Don't be too upset, nothing good ever comes out of Miami anyway.  ...............


----------



## GoalGetter (Oct 7, 2004)

Katia7 said:
			
		

> I worked the legs yesterday, not today.  I'm always staving the NEXT days (weird  ).  I didn't even workout today.. too sore.
> I am raising my cals to 1300-1400 or so though
> I'm going to try to make a meal plan in advanced for tomorrow, maybe you could critique it for me?


 Just try not to cram 1100 of them into your first meal of the day!


----------



## GoalGetter (Oct 7, 2004)

MaxMirkin said:
			
		

> Don't be too upset, nothing good ever comes out of Miami anyway.  ...............


 You got that right.


----------



## Katia7 (Oct 7, 2004)

> Don't be too upset, nothing good ever comes out of Miami anyway. ...............
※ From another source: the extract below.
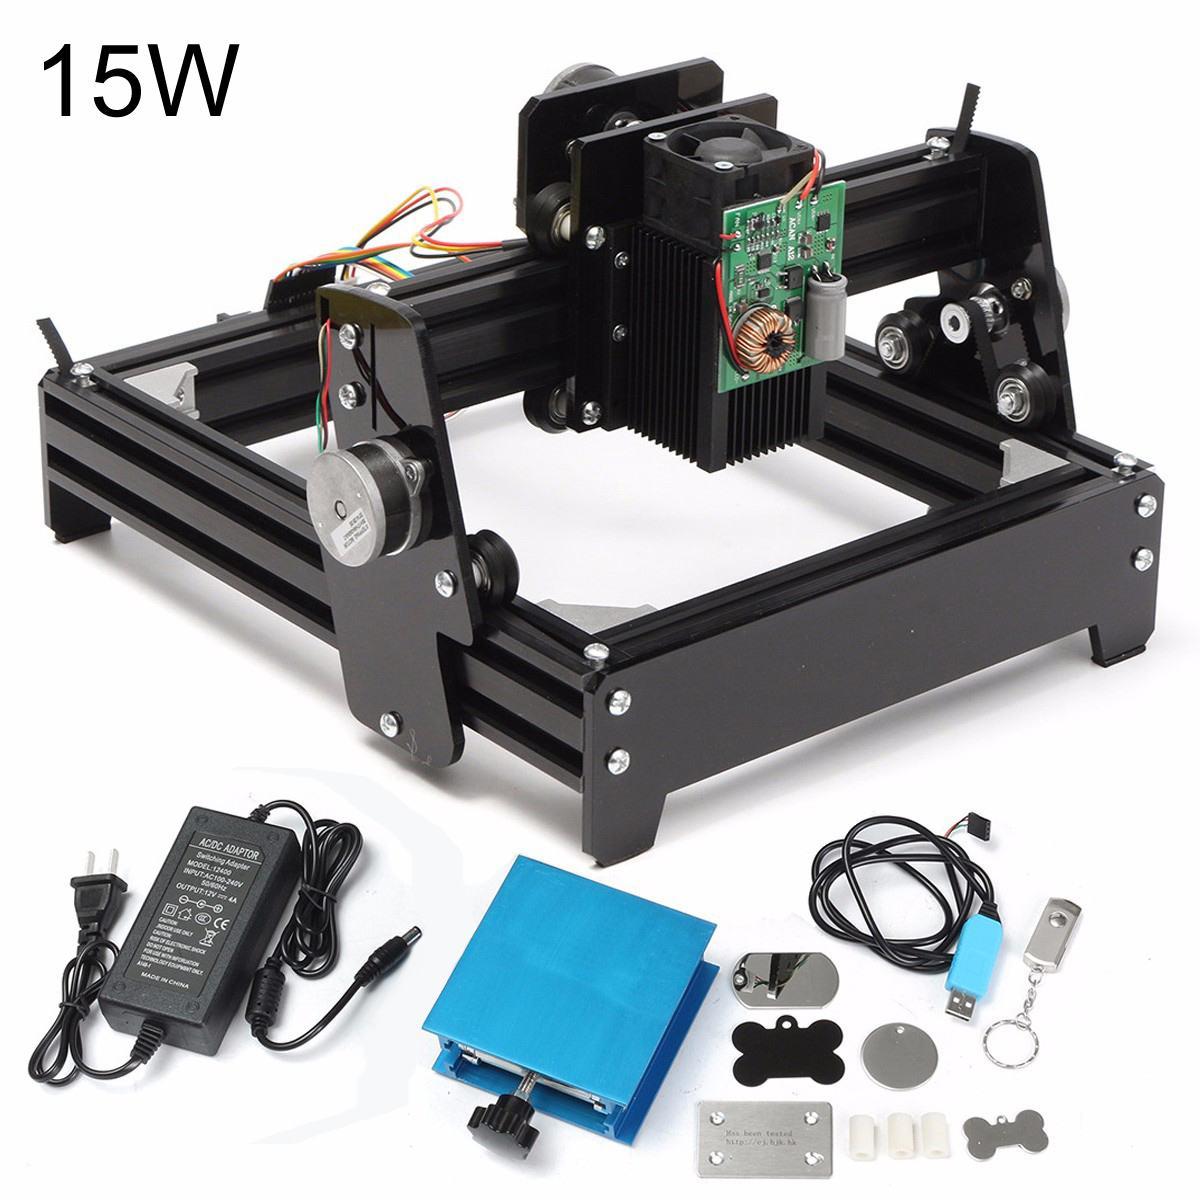 15W Laser AS 5 USB Desktop 15000mW CNC Laser Engraver DIY Marking Machine Router For Metal Stone Wood Engraving Area 14 x 20cm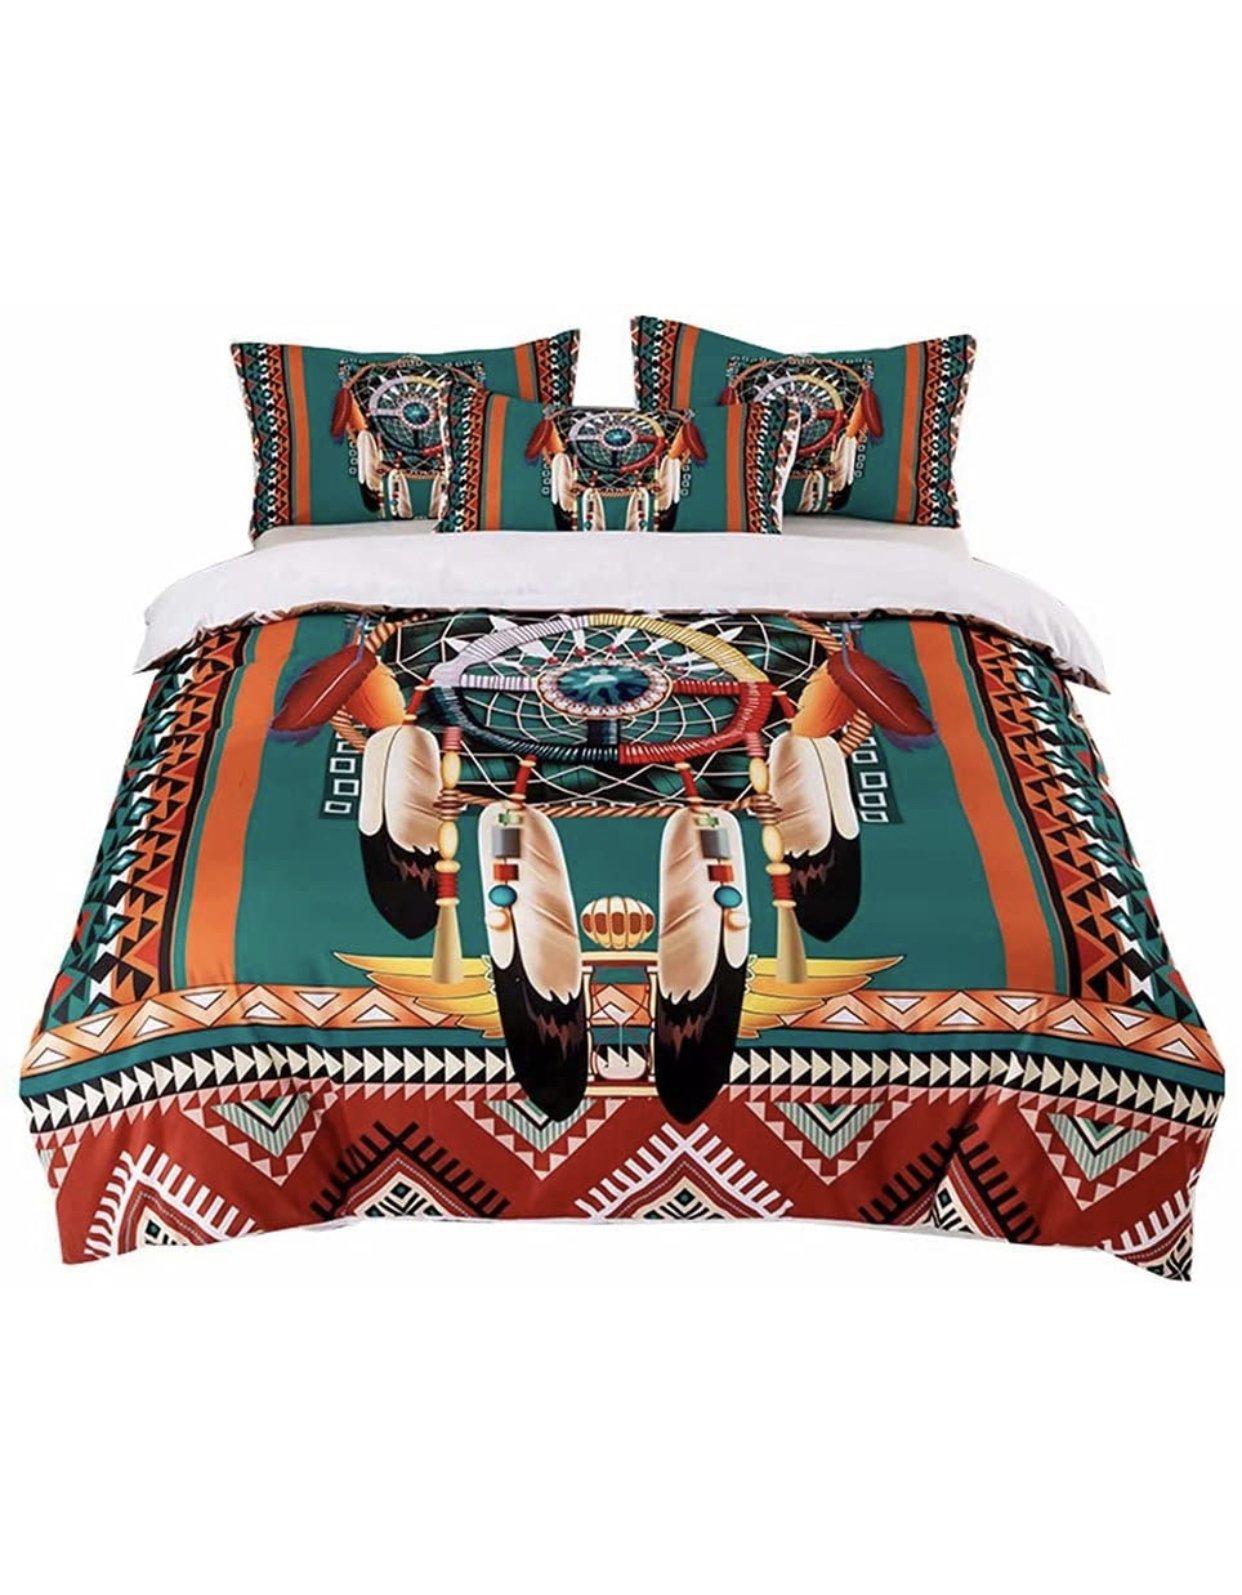 Colorful Dreamcatcher Native Bedding Set

If you only new about the shithole I live in.


----------



## GoalGetter (Oct 7, 2004)

Katia7 said:
			
		

> Oh and I'm also all frusterated today. I was offered a job in Miami, FL (I've been wanting to move for the longest time now), so I was all excited and then found out that although they calls this position "graphic design" it's not that at all, its just a sales position with a little bit of design envolved.


 Was this the one we talked about? I missed your inst. message yesterday. Tell me about it.


----------



## Katia7 (Oct 7, 2004)

> You got that right.


I wasn't planning on that  lol.
Honestly, I could eat more.


----------



## MaxMirkin (Oct 7, 2004)

Katia7 said:
			
		

> If you only new about the shithole I live in.


Detroit?  I've heard horror stories.


----------



## Katia7 (Oct 7, 2004)

> Detroit? I've heard horror stories.


Wow, how did you know??? spooky! 
Not really Detroit, but not far from there.  I'm dying of boredome here though.


----------



## MaxMirkin (Oct 7, 2004)

Katia7 said:
			
		

> Wow, how did you know??? spooky!
> Not really Detroit, but not far from there.  I'm dying of boredome here though.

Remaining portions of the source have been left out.